# Eoi



## sandy16 (Aug 14, 2010)

We have submitted our EOI today, so fingers crossed we hear some good news


----------



## topcat83 (Apr 16, 2009)

sandy16 said:


> We have submitted our EOI today, so fingers crossed we hear some good news


Good luck!


----------



## sandy16 (Aug 14, 2010)

Thankyou, we have waited so long for this so were hoping it goes as planned.


----------



## Stephyj (May 14, 2011)

Good luck hope it goes well!


----------



## sandy16 (Aug 14, 2010)

We have been selected


----------



## Stephyj (May 14, 2011)

That was really fast, do you mind me asking how many points/skills you have? It's great news!


----------



## philconnell (Feb 6, 2011)

*acceptance*

hi again whats your secret could you put brief description of your points breakdown?thankyou


----------



## sandy16 (Aug 14, 2010)

Hi Stephyj and Philconnell

My husband I think had 110 points with his job offer the points went to 180?, he is a Carpenter and has got a job in Christchurch.
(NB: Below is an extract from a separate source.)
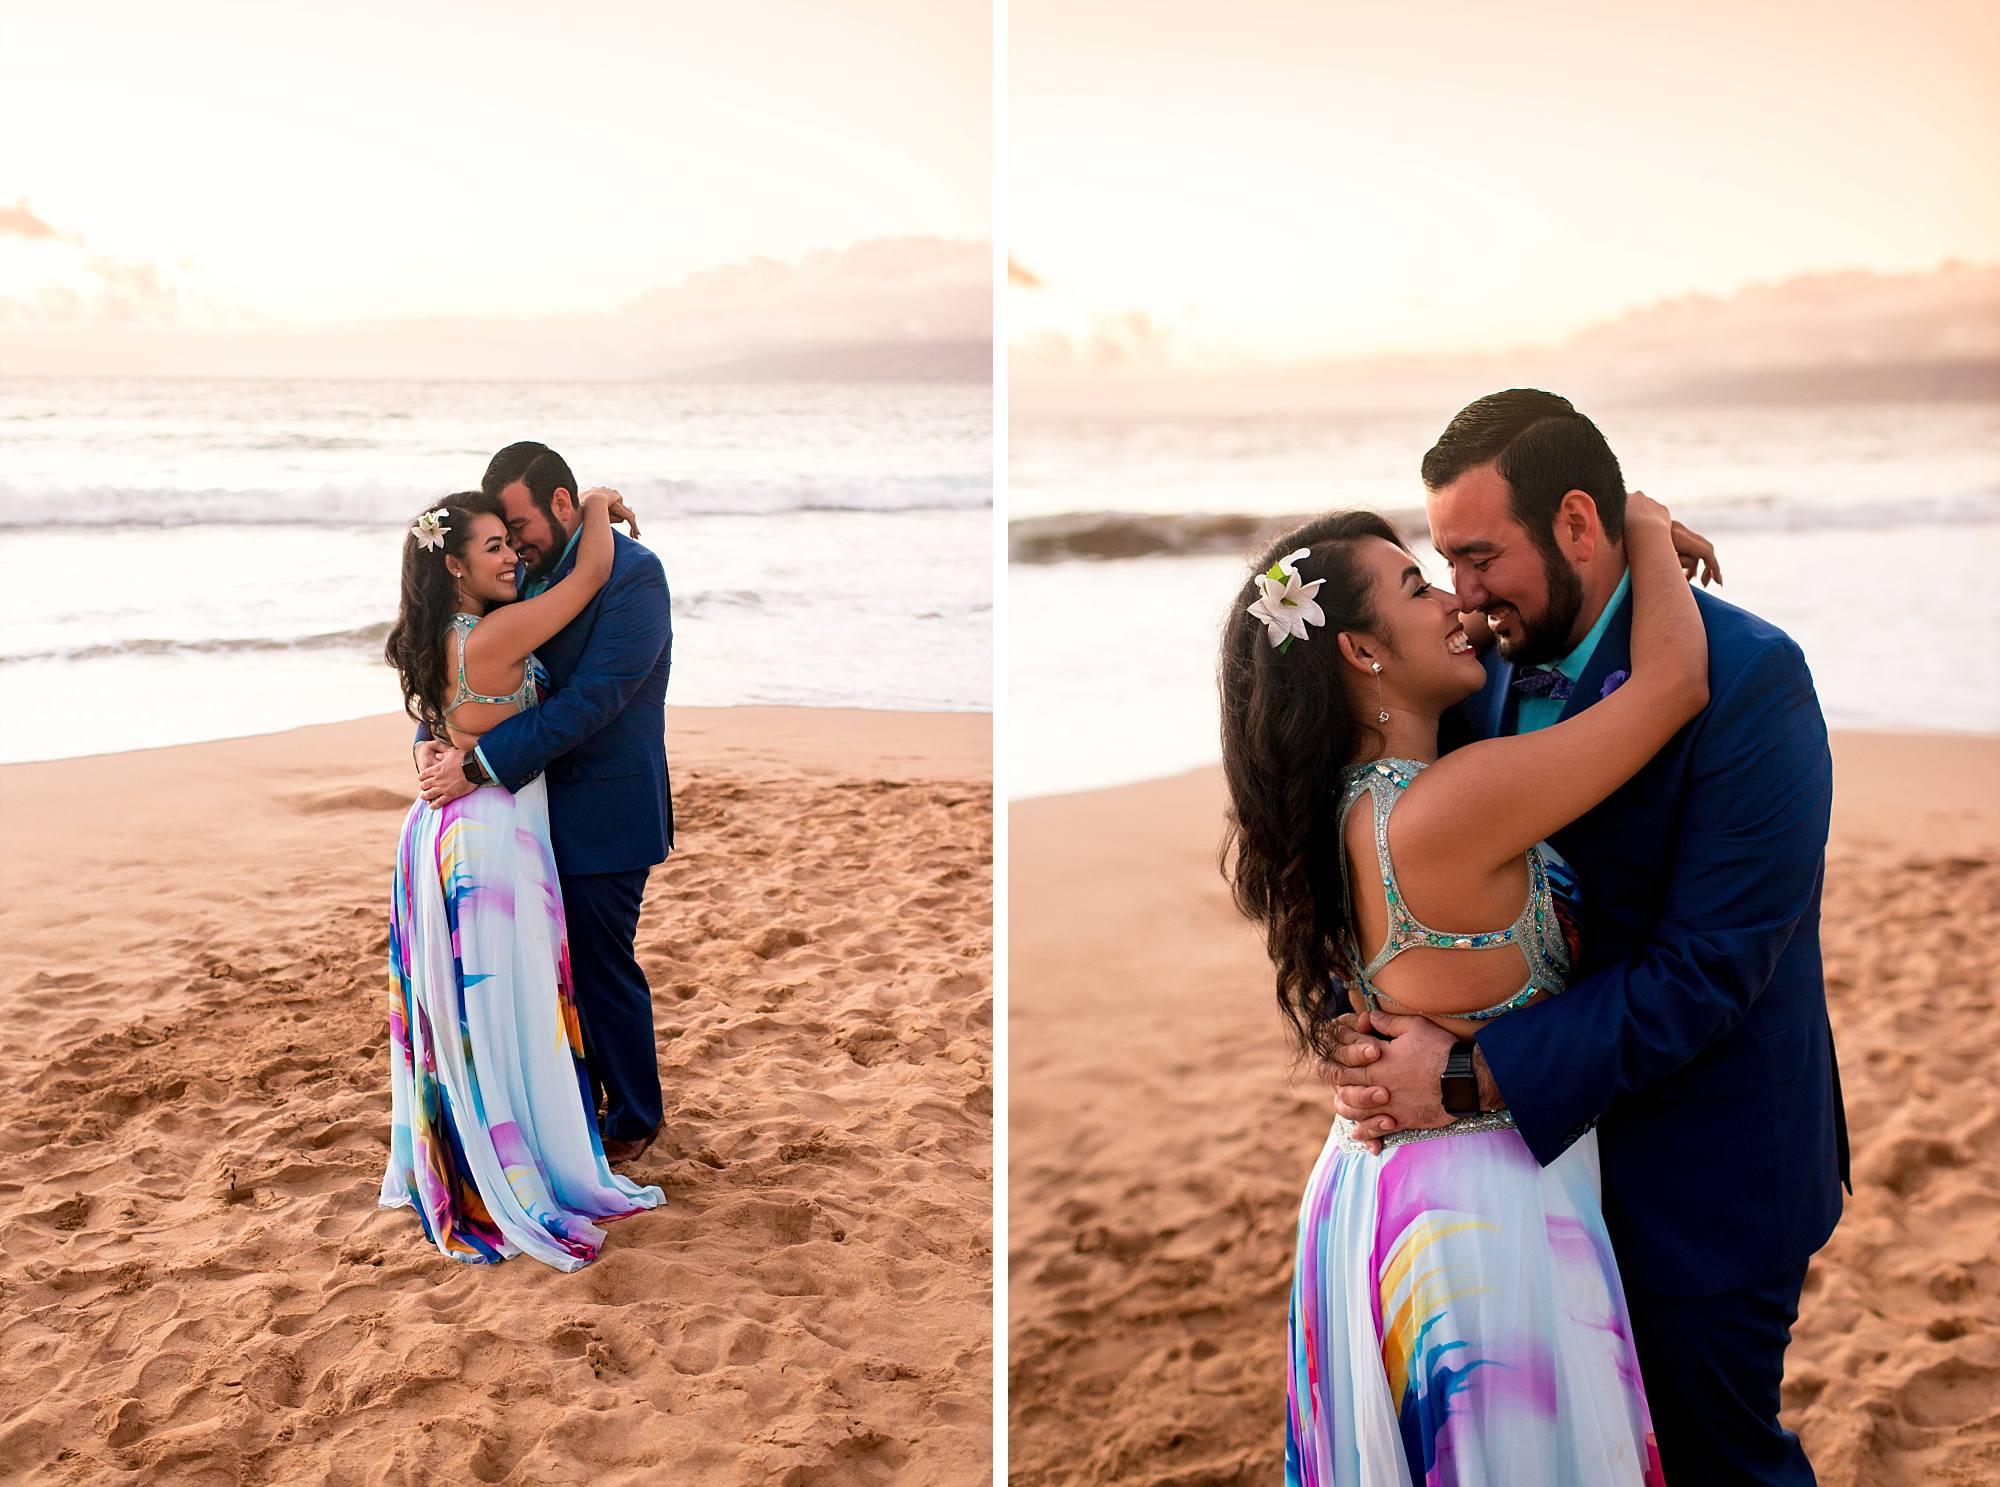 newly engaged couple cuddling on beach

We are using a company to do all the visa and applications etc, so weather this makes a difference I dont know.


----------



## philconnell (Feb 6, 2011)

*congrats*

thanks for reply we only put ours in on monday was not expecting to hear anything for a couple of weeks,we had 135 points no job offers,keeping stuff crossed xxx


----------



## topcat83 (Apr 16, 2009)

sandy16 said:


> Hi Stephyj and Philconnell
> 
> My husband I think had 110 points with his job offer the points went to 180?, he is a Carpenter and has got a job in Christchurch.
> 
> We are using a company to do all the visa and applications etc, so weather this makes a difference I dont know.


Well done!

Using an agent shouldn't make any difference to whether they select you or not - the same rules apply regardless.


----------



## sealtiel092003 (May 31, 2011)

is the pool selection already done today?


----------



## sealtiel092003 (May 31, 2011)

if our eoi was not selected today, would we still be included in the next pool?


----------



## GNU.A (May 24, 2011)

sealtiel092003 said:


> if our eoi was not selected today, would we still be included in the next pool?


The last EOI selection was done yesterday (1 June 2011). In case your EOI was not selected, it will remain in the pool for six months from the date of submission. All the best!


----------



## topcat83 (Apr 16, 2009)

sealtiel092003 said:


> if our eoi was not selected today, would we still be included in the next pool?


Yes - it's held there for 6 months. See Expression of Interest


----------